Yesterday the Food and Drug Administration made two sweeping decisions on the OxyContin in the market place. The first decision was to ban new generics making the original formulation of the drug, which would make it cheaper and more available to the public. The second decision was a change the labeling for the medication because it was reformulated in 2010 into turn to a gel when the pill is smashed and crushed rather than turning to a powder like other pills.

There has been a silent epidemic in the United States of drug abuse. We all know of the danger posed by heroin, cocaine and methamphetamines and how these drugs destroy lives. This is the reason these drugs are illegal and prosecution for manufacture and selling of them is so severe. But the abuse of prescription drugs, under the watchful eye of doctors, medical professionals and regulated by the government has gotten out of hand.

OxyContin is a painkiller that is derived from poppy, similar to morphine, heroin and codeine. It was approved for use in the US in 1995 and by 2007 Americans consumed 82% of the drug worldwide, or 51.6 tons and in (semi)practical terms over half a billion pills.

In 2003 the US Government Accountability Office said that three factors led to its abuse:

  • OxyContin contains a large amount of oxycodone compared with other types of oxycodone-containing pills.
  • OxyContin's warning label said to not crush the controlled-release tablets because of the potential for rapid release of oxycodone, which led to many people crushing the tablets and injecting or snorting the drug.
  • By 2001, sales of OxyContin in the US exceeded $1 billion per year.

The company that produces the drug, Perdue Pharma, was even successfully sued by the US government and had to pay $600 million. The company and executives pleaded guilty to "misbranding" the drug and misleading doctors and patients because it said that the medication was less likely to be abused than other narcotics. Perdue Pharma made over $1 billion a year from sales of the drug promoting it as a longer lasting pain relief narcotic compared to Vicodin or Percocet.

Crime related to OxyContin also soared as people saw it as easy to obtain and a habit that needed to be fueled by robberies and thefts. In 2011 there was a quadruple homicide in a Long Island pharmacy by an addict desperate for hydrocodone. It even came to the point that the pharmaceutical company is running a website that tracks drug related crime in partnership with local authorities all over the country and also educates local polica about perscription drug abuse.

It is because of this that the company had to go back to the drawing board and re-formulate the drug. Now if the time release pill is crushed, rather than become a fine powder easily snorted or injected, it becomes a gel that is semi-solid. This will be the only type of OxyContin sold in the US because at the same time the FDA ruled that there will be no generics of the original narcotic available.

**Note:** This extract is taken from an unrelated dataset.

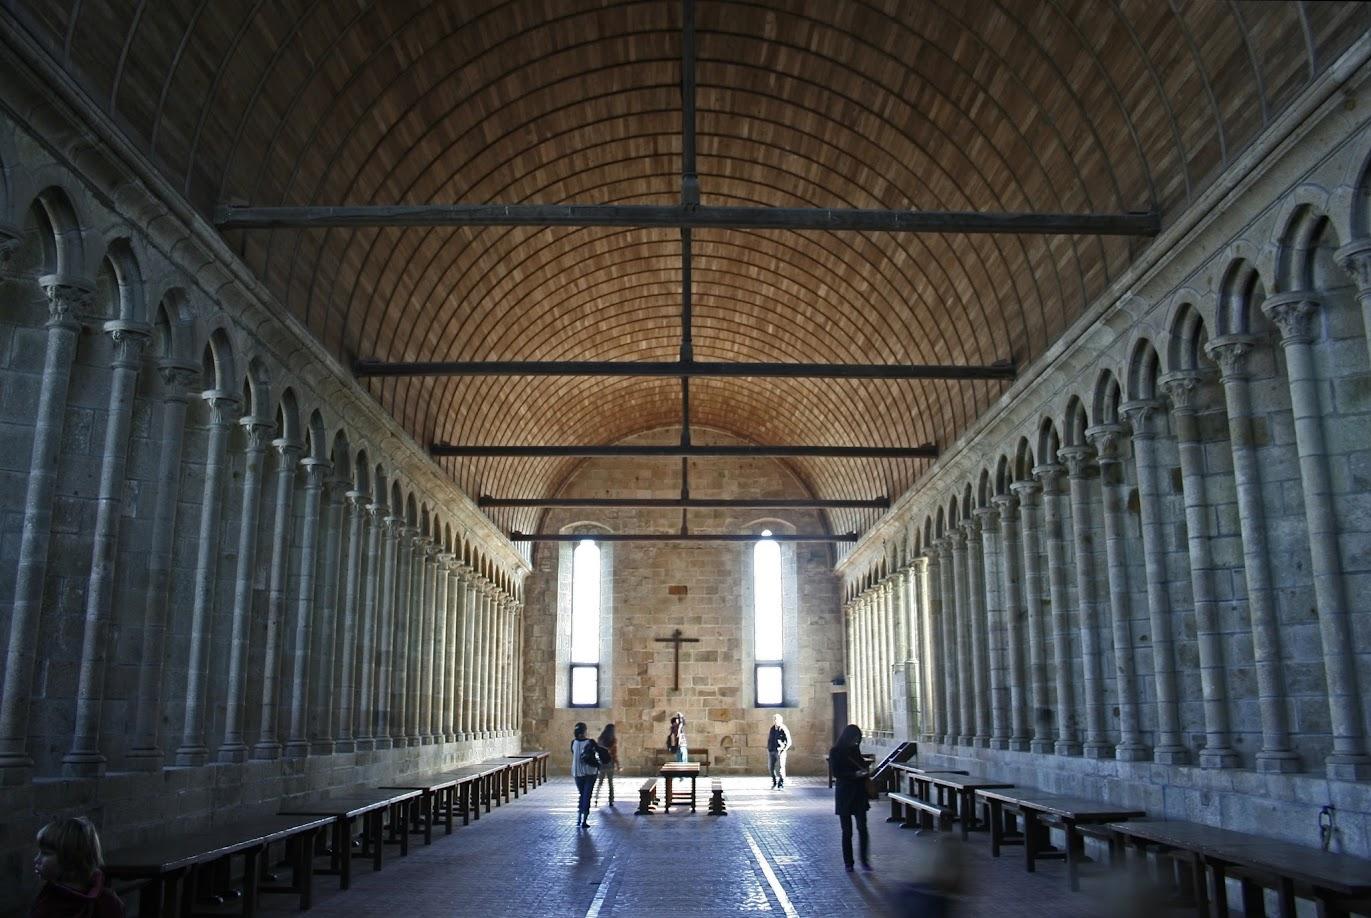 Трапезная - Mont Saint-Michel (аббатство Мон Сен-Мишель)

As the noose tightened around abuse of OxyContin, another drug approved for pain management in 2006. Opana was moved to a crush resistant version in 2010 and the FDA approved of the reformulation in 2011. The old version of the drug is now discontinued, but much remains floating around on the grey and black markets. Nassau County, NY on Long Island issued an alert in 2011 after they saw that Medicaid data showed prescriptions for extended-release Opana had increased a staggering 45% in six months.

This is a good sign that the government and FDA are policing the prescription drug industry and preventing legal drugs from turning into illegal drugs.